By default the environment utilizes all available devices. However, you might only want to use a subset of all available GPUs in the system. The environment constructor allows you to do just that, as it accepts a mgpu::dev_group object that specifies which devices should be used.
#include <mgpu/environment.hpp>
#include <mgpu/backend.hpp>
using namespace mgpu;
int main(void)
{
{
// all available devices
environment e;
}
int devices = backend::get_dev_count();
if(devices > 1)
{
// explicitly specify all available devices
environment e(dev_group::from_to(0, devices));
}
if(devices > 2)
{
// use devices 0, 1 and 2
environment e(dev_group(0, 1, 2));
}
}
Since it is imperative that the mgpu::environment instance outlives any other object that relies on the environment, it is sensible to put all subsequent code in a separate scope.
Wrappers around vendor API functions a located in the mgpu::backend namespace. While still incomplete, these wrappers aim to present a unified API to different vendor interfaces such as CUDA and OpenCL.
A major task when dealing with GPU systems and especially multi-GPU systems is communication: moving data between host and the different device memories can quickly become confusing. To simplify this task the MGPU library provides a set of containers and compatible transfer functions.

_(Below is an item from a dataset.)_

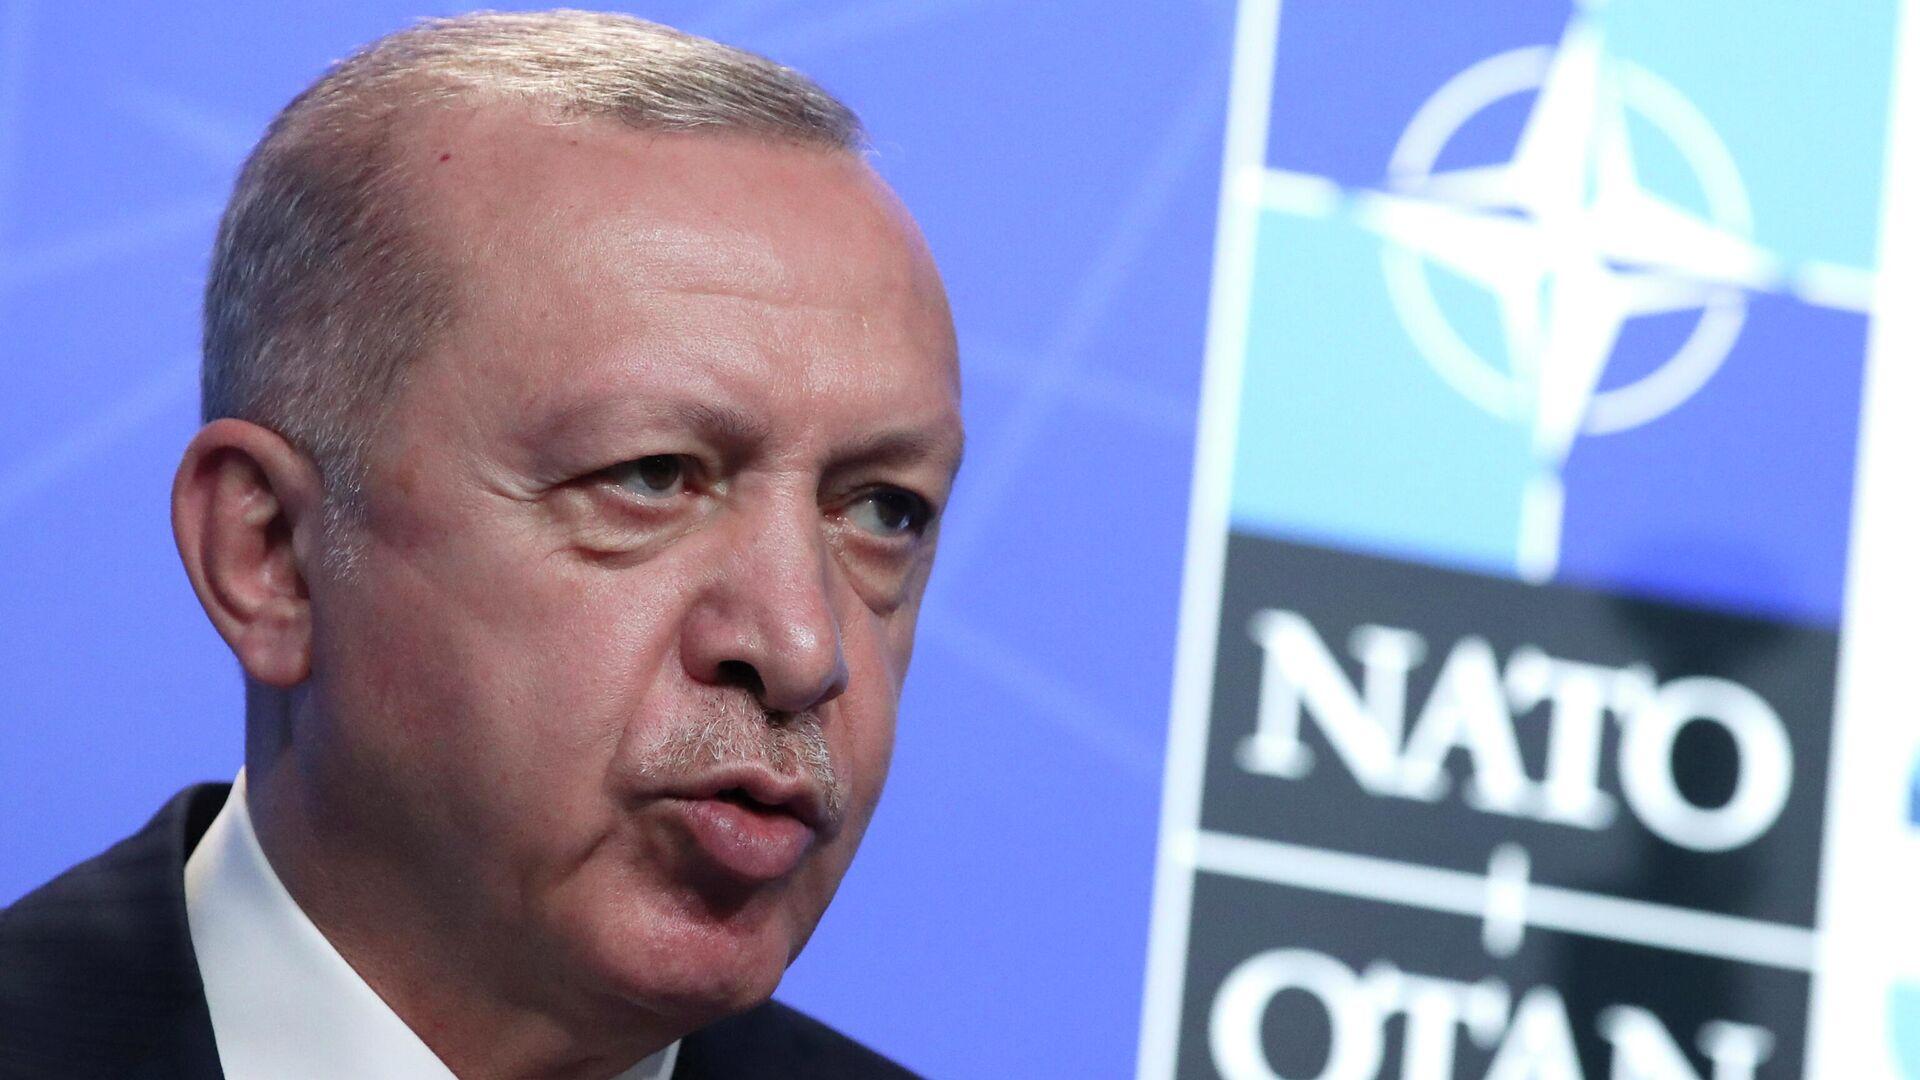 Recep Tayyip Erdogan, presidente de Truquía, durante la cumbre de la OTAN en Bruselas (Bélgica), el 14 de junio del 2021 - Sputnik Mundo, 1920, 26.09.2021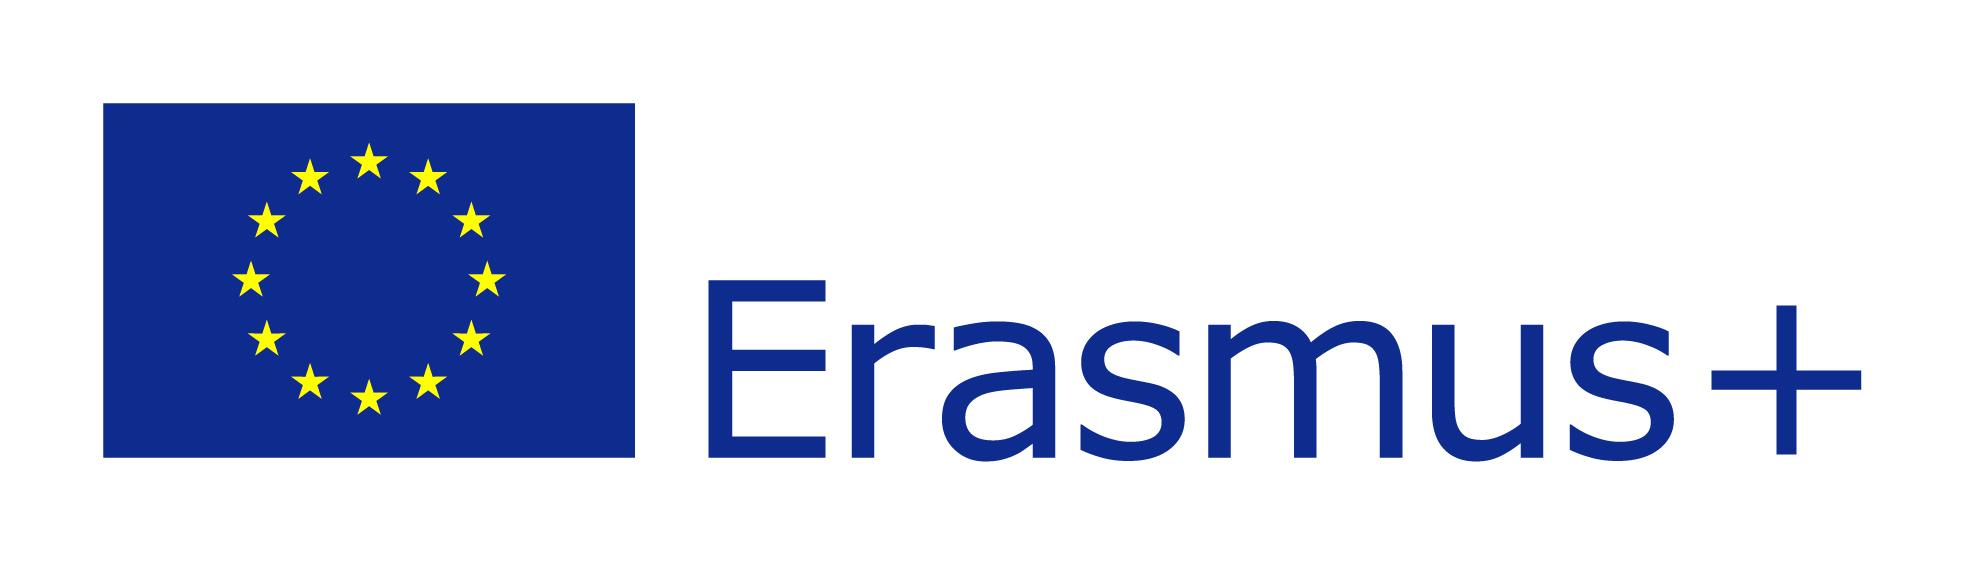 erasmus1

The following example shows a simple use of MGPU containers from a single thread. Two vectors are allocated on different devices (if possible). The device is switched temporarily for a scope using an instance of the mgpu::dev_set_scoped class.
#include <vector>
#include <mgpu/container/dev_vector.hpp>
#include <mgpu/backend.hpp>
#include <mgpu/transfer/copy.hpp>
using namespace mgpu;
int main(void)
{
// allocate memory
std::vector<float> host_in(3, 42.), host_out(3, 0.);
dev_vector<float> dev(3);
// copy to device
copy(host_in, dev.begin());
// if more than 1 device: host -> device0 -> device1 -> host
int devices = backend::get_dev_count();
if(devices > 1)
{
dev_set_scoped s(1);
dev_vector<float> dev2(3);
// copy from device0 to device1 and back to host
copy(dev, dev2.begin());
copy(dev2, host_out.begin());
}
else // if not: host -> device -> host
{
copy(dev, host_out.begin());
}
printf("in %f %f %f | out %f %f %f\n", host_in[0], host_in[1],
host_in[2], host_out[0], host_out[1], host_out[2]);
}
Data is copied from host memory to device memory, from there to another device and then back to host memory. Notice that the interface of the mgpu::copy function is always the same, regardless of the arguments that are passed. It expects an input range and an output iterator. Other types can be adapted to be compatible with the interface through type traits. The library currently ships with traits for std::vector as well as boost::numeric::ublas::vector.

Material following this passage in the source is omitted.